■ **EXERCISE OBJECTIVE**
Each line of data below must be printed exactly as written, with any pictures removed.

■ **DATA SECTION**
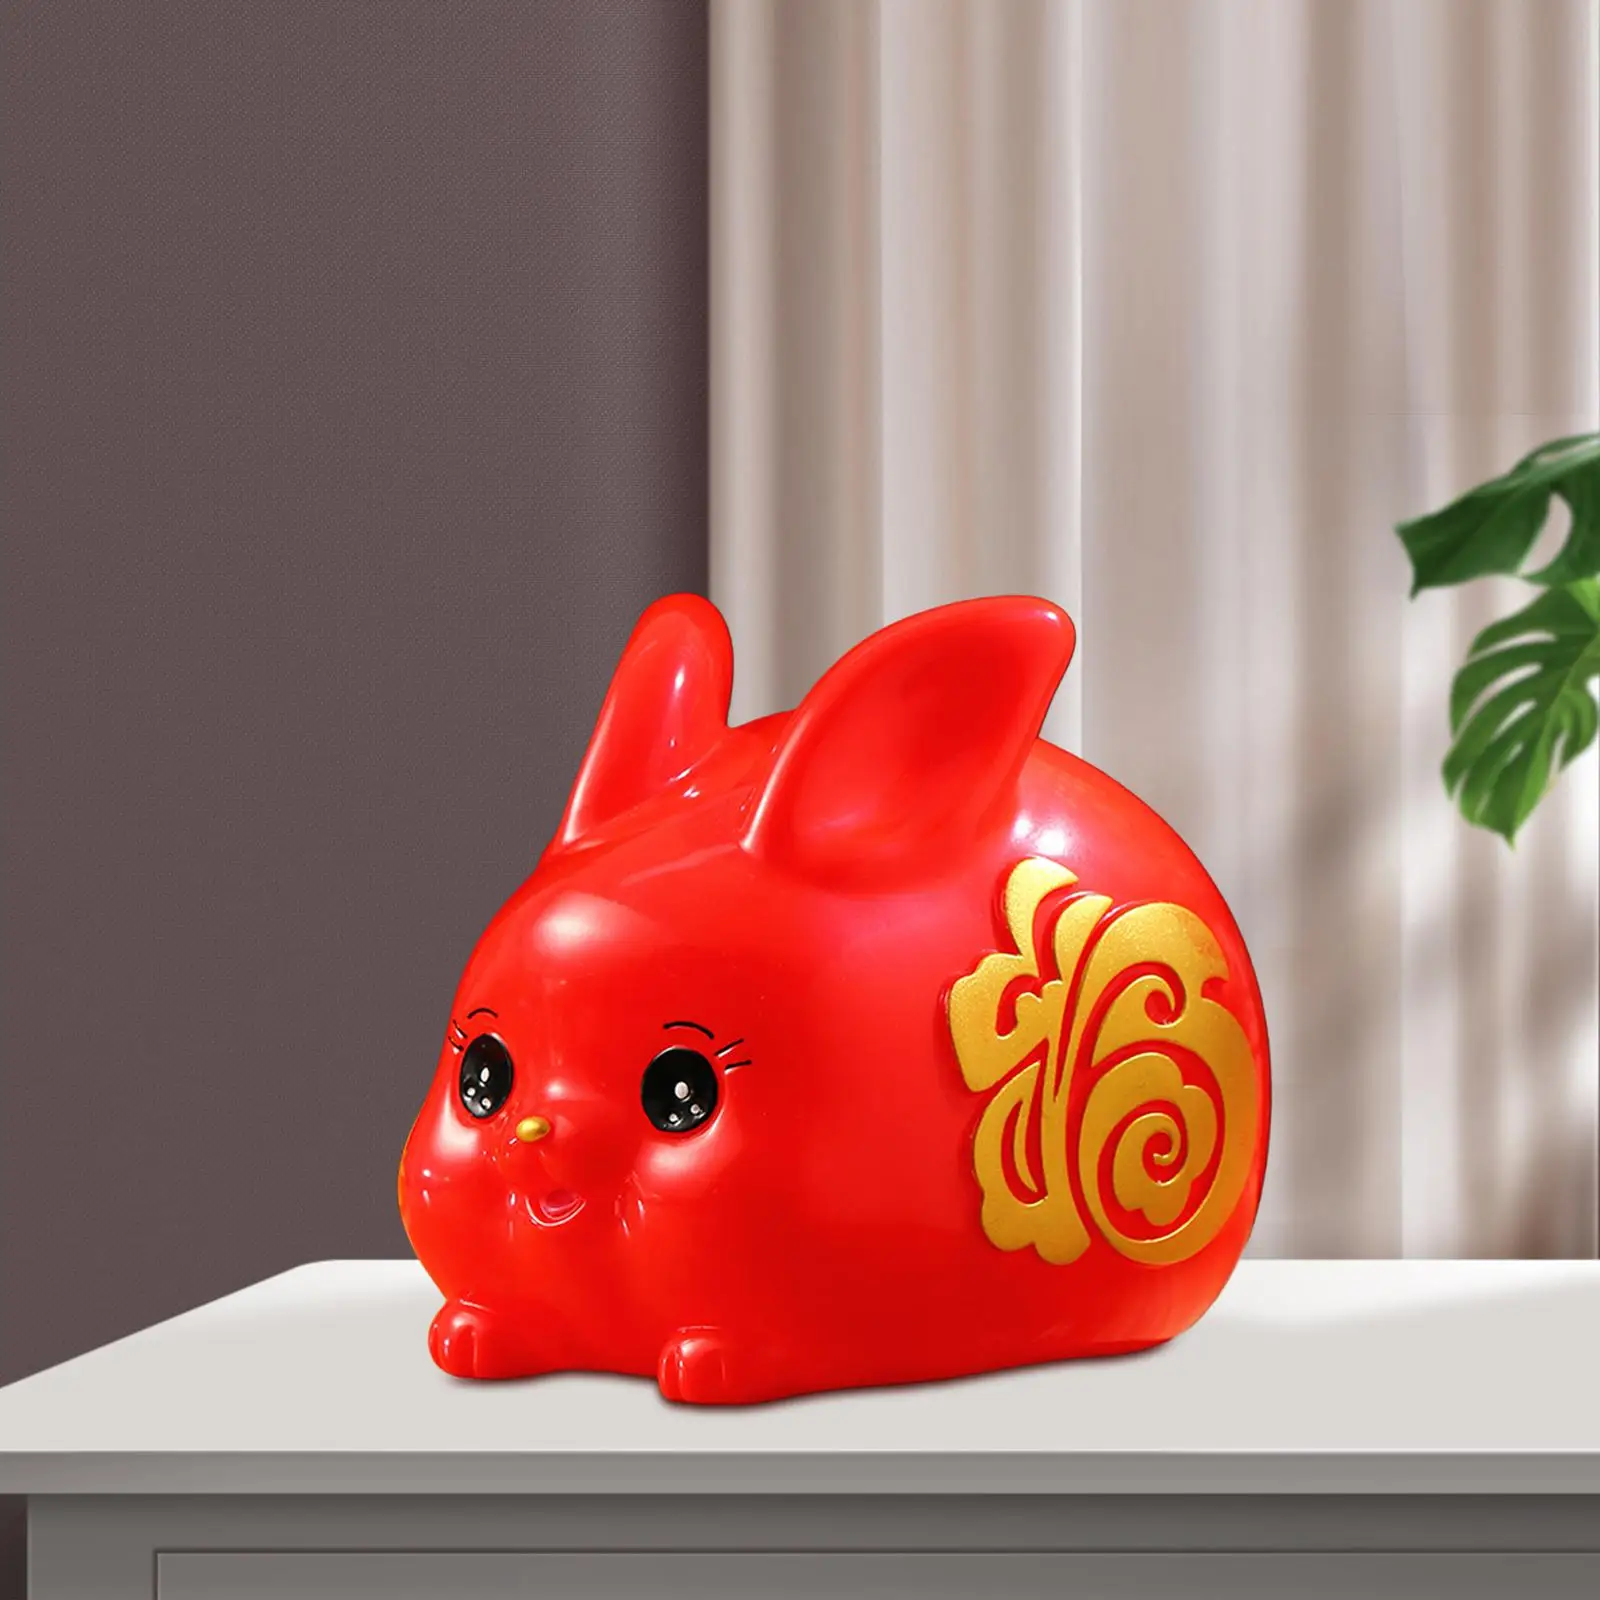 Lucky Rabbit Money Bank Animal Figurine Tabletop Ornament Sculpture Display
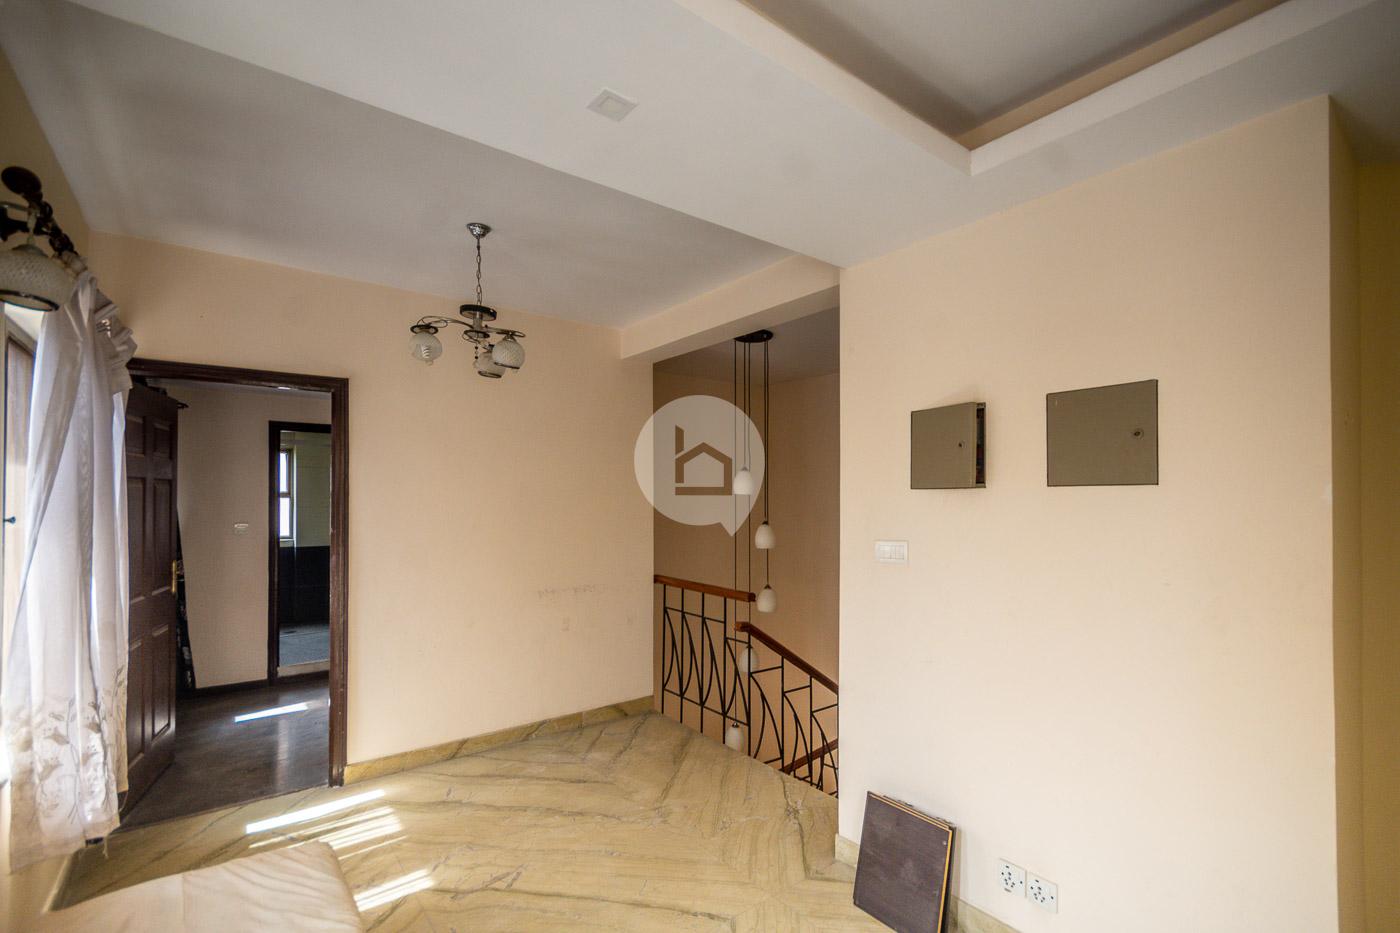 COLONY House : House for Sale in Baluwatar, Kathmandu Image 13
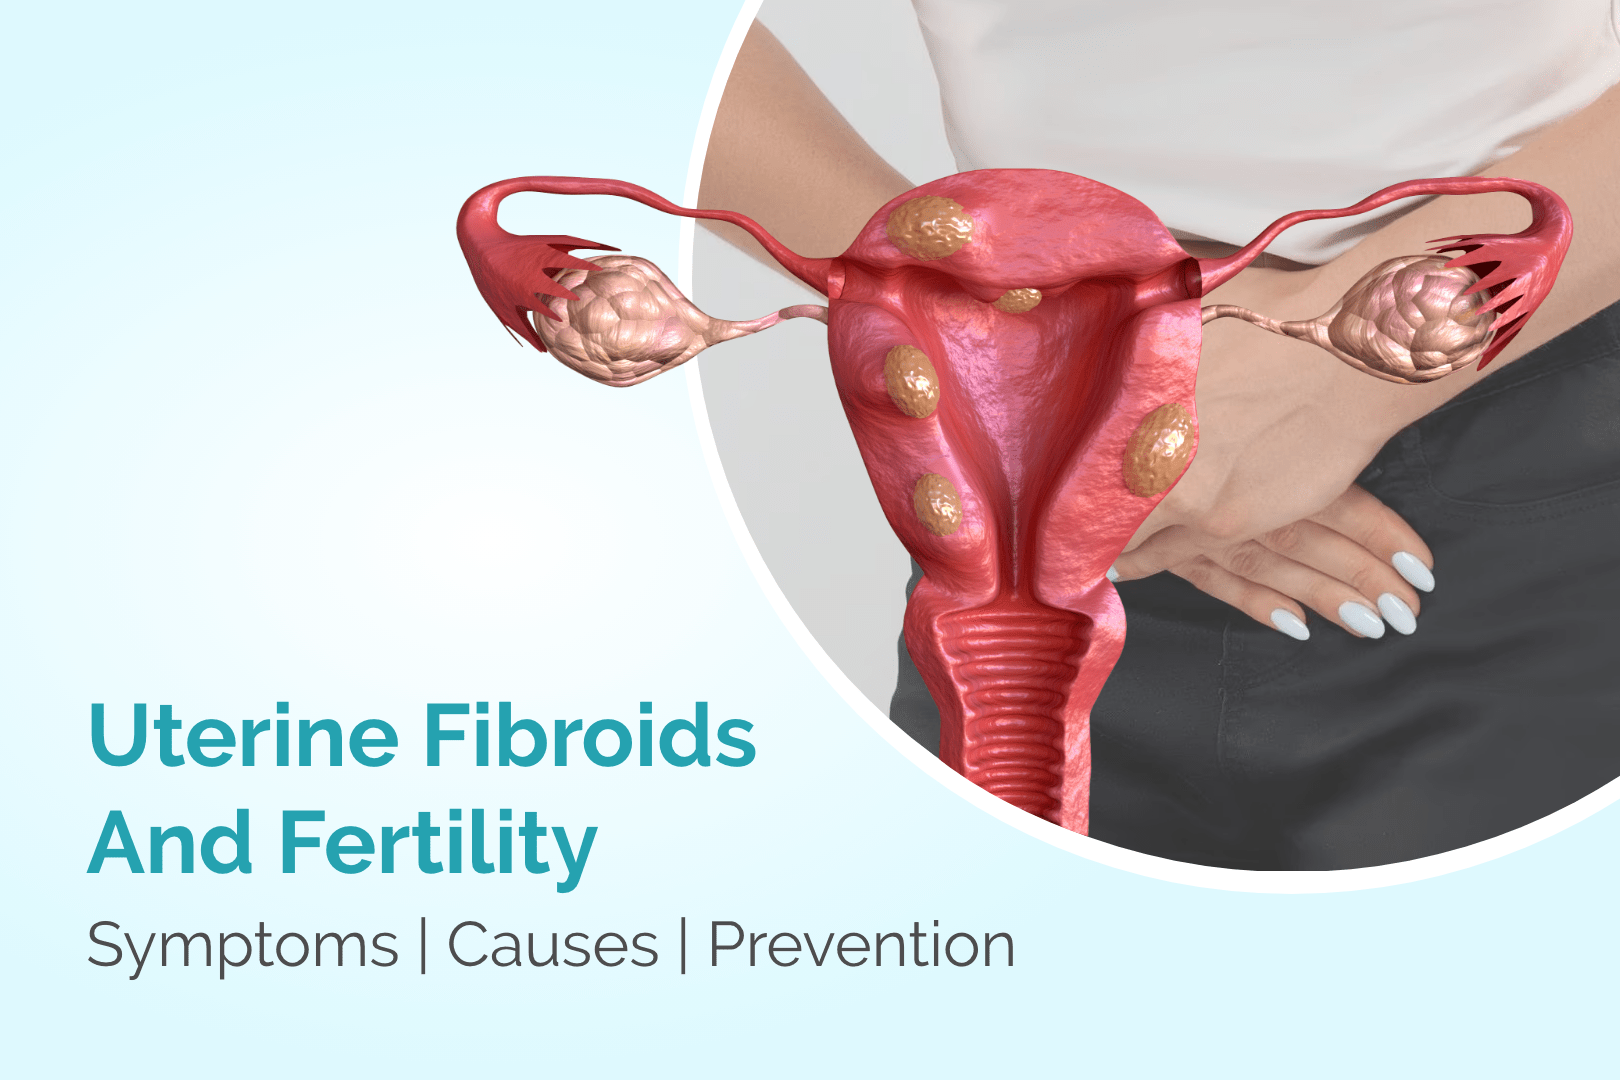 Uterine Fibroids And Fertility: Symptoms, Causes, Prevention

■ **THE ANSWER**
 Lucky Rabbit Money Bank Animal Figurine Tabletop Ornament Sculpture Display
 COLONY House : House for Sale in Baluwatar, Kathmandu Image 13
 Uterine Fibroids And Fertility: Symptoms, Causes, Prevention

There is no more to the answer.